Identification marking consists of programming and then placing small marker devices adjacent to buried utility components before they are backfilled. The programmed information consists of an identifying number along with information on the utility and the specific marked feature (i.e., pipe, valve, stub, cable, splice, etc.). Later these buried markers can be located and read remotely to give crews details of the underground environment before they excavate.

The Salt River Project is a long-time user of 3M markers. Sam Warren, SRP locating supervisor, says, "SRP has been using underground electronic marking for its buried electrical power lines since the mid-1980s, and the company is well aware of the benefits of marking technology."

He explains what is different now. "Population growth in the Phoenix area in recent years has made it necessary for Salt River Project to install a network of pipelines for non-potable irrigation water. Our irrigation pipes are commonly buried at depths between two and four feet, making them particularly vulnerable to excavation damage. The new regulations require that these facilities be marked, and as soon as the recent bill was enacted, the Salt River Valley Water User's Association began to acquire the necessary equipment and train field crews on the use of buried identification markers, including marker programming, proper marker placement in trenches, and marker documentation on prints."

Warren continues, "While not required by law, SRP will also mark old irrigation pipeline facilities wherever possible as areas are excavated or potholes are dug." This will be done both as a safety measure and to enhance facilities management."

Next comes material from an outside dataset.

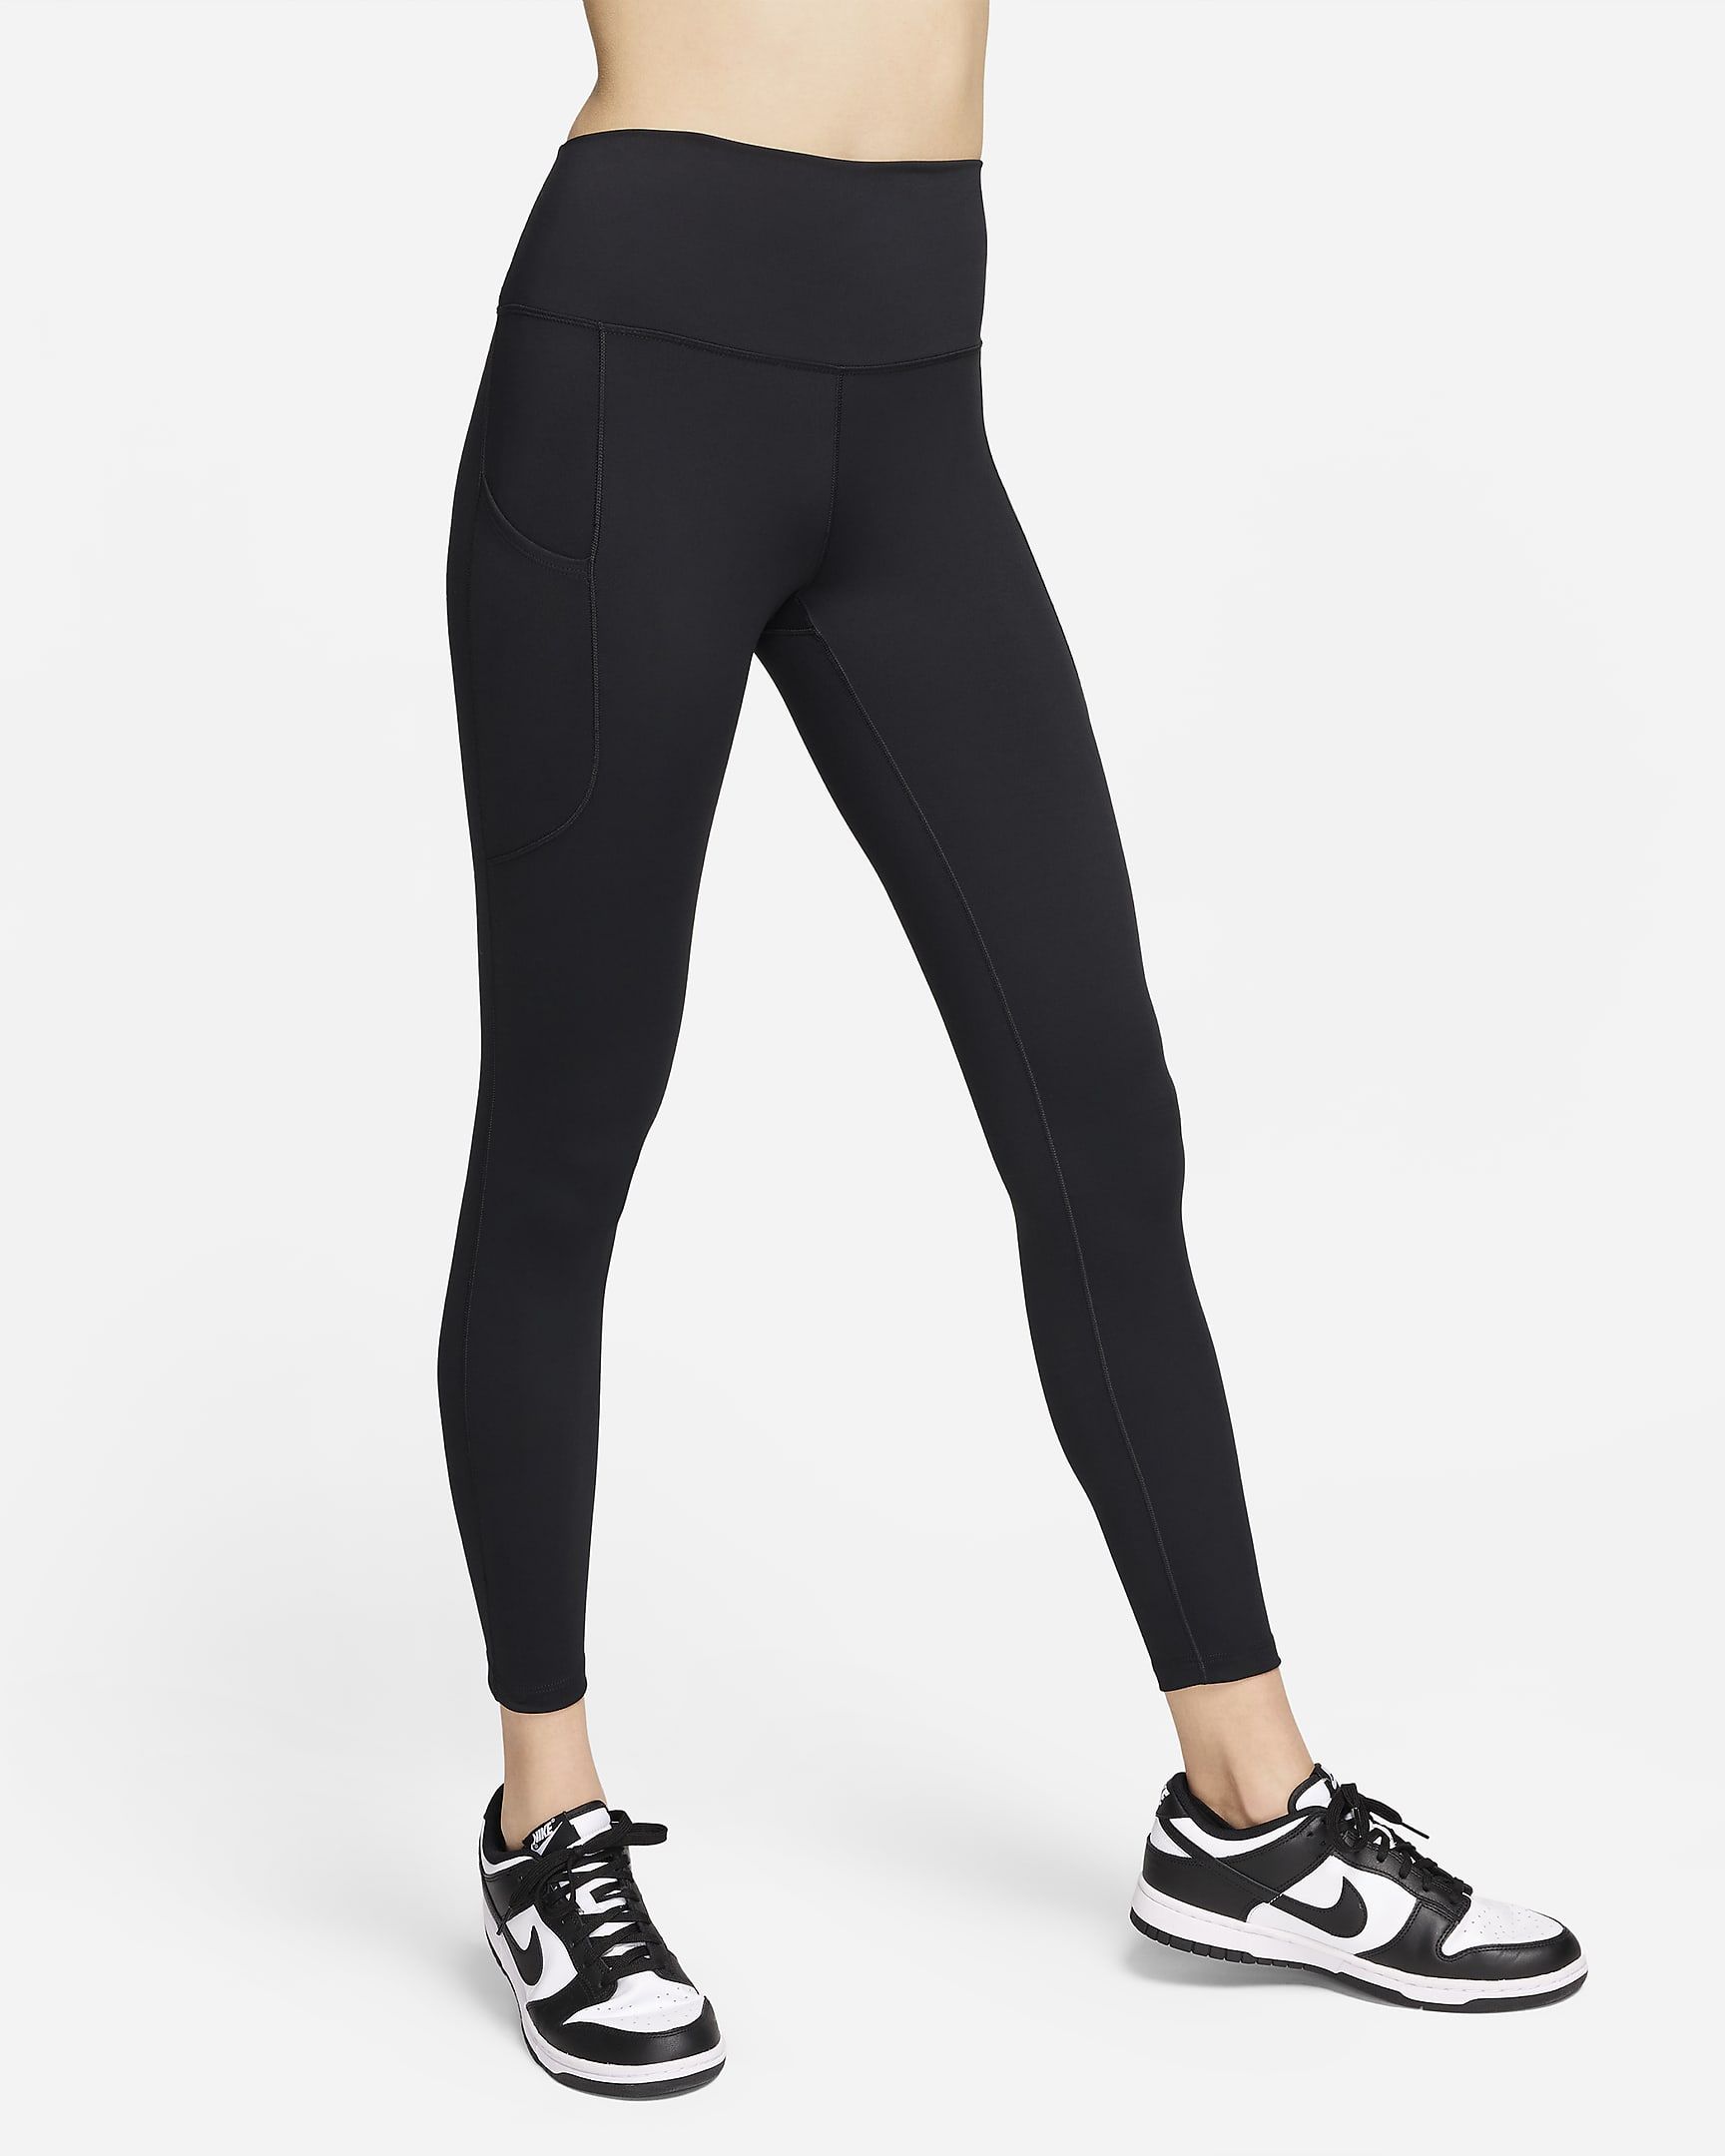 Nike One Women's High-Waisted 7/8 Leggings with Pockets. Nike.com | Nike (US)

Kevin Adam, a lobbyist for the League of Arizona Cities and Towns, was also a participant in the development of the marking legislation. He notes that the League was concerned that cities and towns were being given added infrastructure responsibility for marking lateral lines that they do not own and may not have built. "Overall we feel that a reasonable compromise was reached for marking new lines that should provide improvement to the Blue Stake process, particularly in the area of public safety. However, there are some issues that will have to be worked out in the future as to how to deal with locating already-established, unmarked facilities," Adam said.

Mike Bunch, deputy director for Waste Management in Pima County, reports that the initial revision to the Arizona Blue Stake bill would have put the full cost to mark sewer all existing laterals on cities.

"We were able to have input on how the Blue Stake law was formulated, making it more palatable to us for the long haul," Bunch said. "The new law has achievable requirements and gives us a fair start on locating sewer laterals. The county is gearing up for the January 1, 2006, implementation, which requires us to improve internal processes for tracking sewer lateral locations on three-dimensional mapping coordinates. This will represent an added expense to Pima County for administration and record-keeping, but the major cost will be in the future for locating and marking existing facilities - a challenge that will be much more difficult to resolve."

While safety was the major consideration in the collaborative development of Arizona's new utility marking law, it is also expected to improve the efficiency of the one-call process and of excavation work and will give municipalities and utilities greatly improved mapping and database resources for infrastructure management in the future.